# My thoughts tonight



## striker711 (Nov 8, 2012)

Dang, I just do not feel like this is gonna end. I have not slept right in 8 months now. I am tired of leaning on Tam and other people and I sometimes I wonder if I am normal. Other people get through this so why am I being such a weeny. 

I have read, a lot about men in my age group that got together young and are now going through a divorce, and the con census seems to be that we did not develop our lives on our own first. I cannot tell you how many times I have heard "you have to be happy on your own". Now I have to try to do this and I am trying but really do not know how to do this. It is tough when you always had someone at your side. I am truly trying to move forward but I feel paralyzed much of the time. I am sure that I try to figure it out in my head way too much. It just runs all of the time though. 

I run through every emotion every day. Lost love, hate, resentment, loliness, anger, wondering about my future, laughter, indifference, not caring, bitterness, etc. I want contentment, love, true laughter, and joy again. I know that someday it will be this way again, but I can tell you I cannot imagine it. These are all signs of depression but I do not think over all I am a depressed person normally. I just want to get over this and move on, but I am not there yet. Again dang. 

I have read a lot about "manning up" and moving on, but again I think I read too much. It wasn't meant to be and I just have to accept that at some point. LOL still trying to do that. 
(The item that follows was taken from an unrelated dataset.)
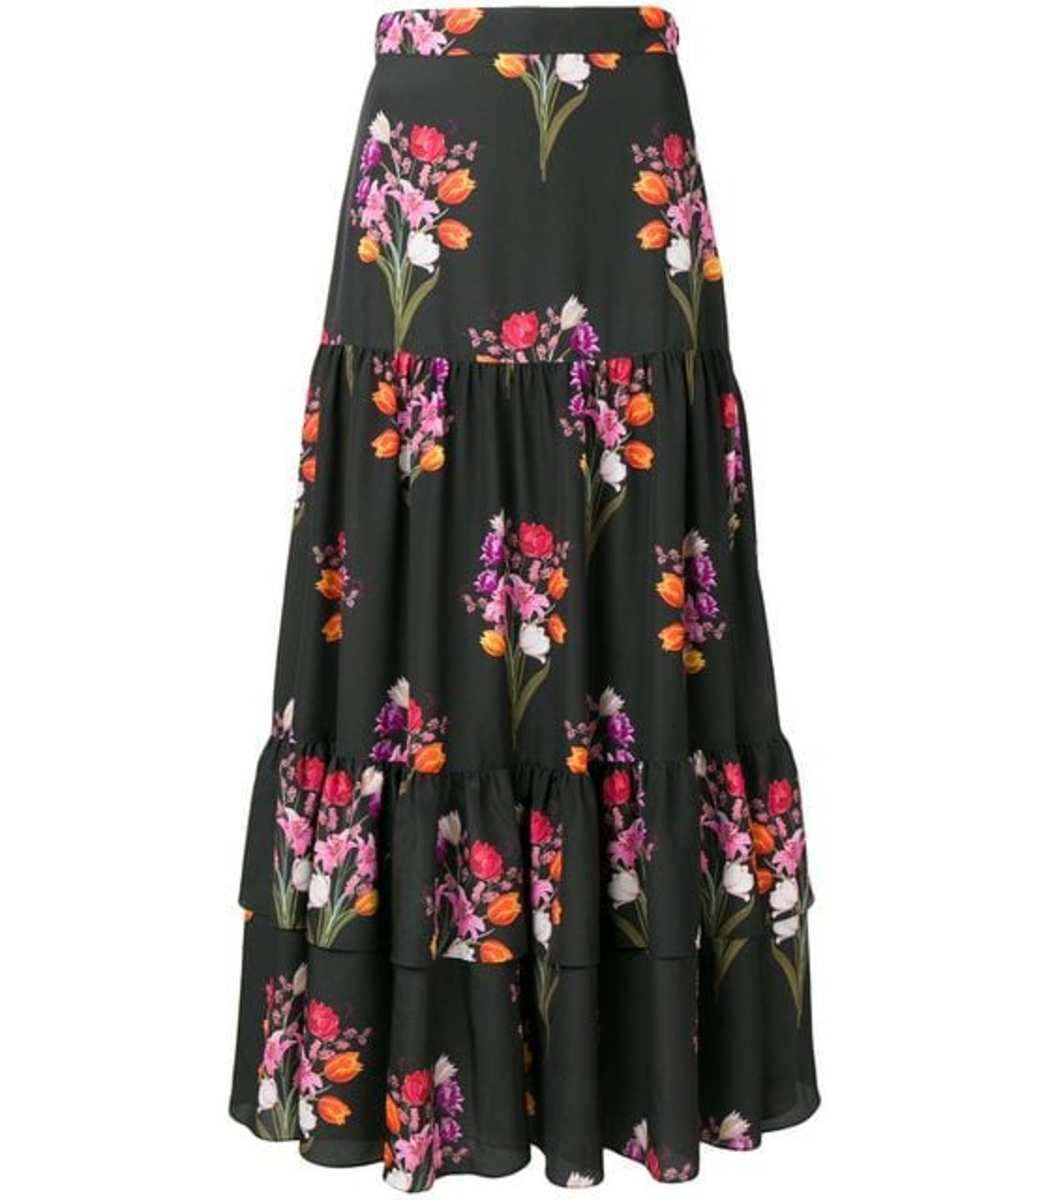 Borgo De Nor Emme Floral Print Skirt

I am fine, nothing is different, and tomorrow is another day I just felt like writing my thoughts out tonight. Mostly they are the same as any other night. 

POO

I do need to move on somehow.


----------



## ChknNoodleSoup (Oct 20, 2012)

I'm so sorry you are going through this. Something died. You have the right to grieve it. 'Manning up' as you call it will come on its own once you have grieved and gotten that out if your system. You will be ok. Love is gonna find you again. Big hugs.


----------



## NoWhere (Oct 2, 2012)

Well I'm only at the 4 month mark, but I go through the gamut of emotions you described. If your a weeny then I guess we need to join together and form a club. 

Someday's I feel strong and then some days it just hits me out of nowhere. I think the answer is it just it takes a lot of time.


----------



## TNman (Dec 24, 2012)

Well same boat here. Run through all the emotions on a near daily basis. It is so difficult to lose everything that is emotionally meaningful in your life due to actions by someone you love/loved. I know that I just have to accept that I can't do anything about it and must move on. Good luck to all of you.


----------



## striker711 (Nov 8, 2012)

TNman said:


> Well same boat here. Run through all the emotions on a near daily basis. *It is so difficult to lose everything that is emotionally meaningful in your life due to actions by someone you love/loved.* I know that I just have to accept that I can't do anything about it and must move on. Good luck to all of you.


I will say that one line pretty much sums up where all of the pain comes from. I have never being able to put it into one sentence before. Nice job. 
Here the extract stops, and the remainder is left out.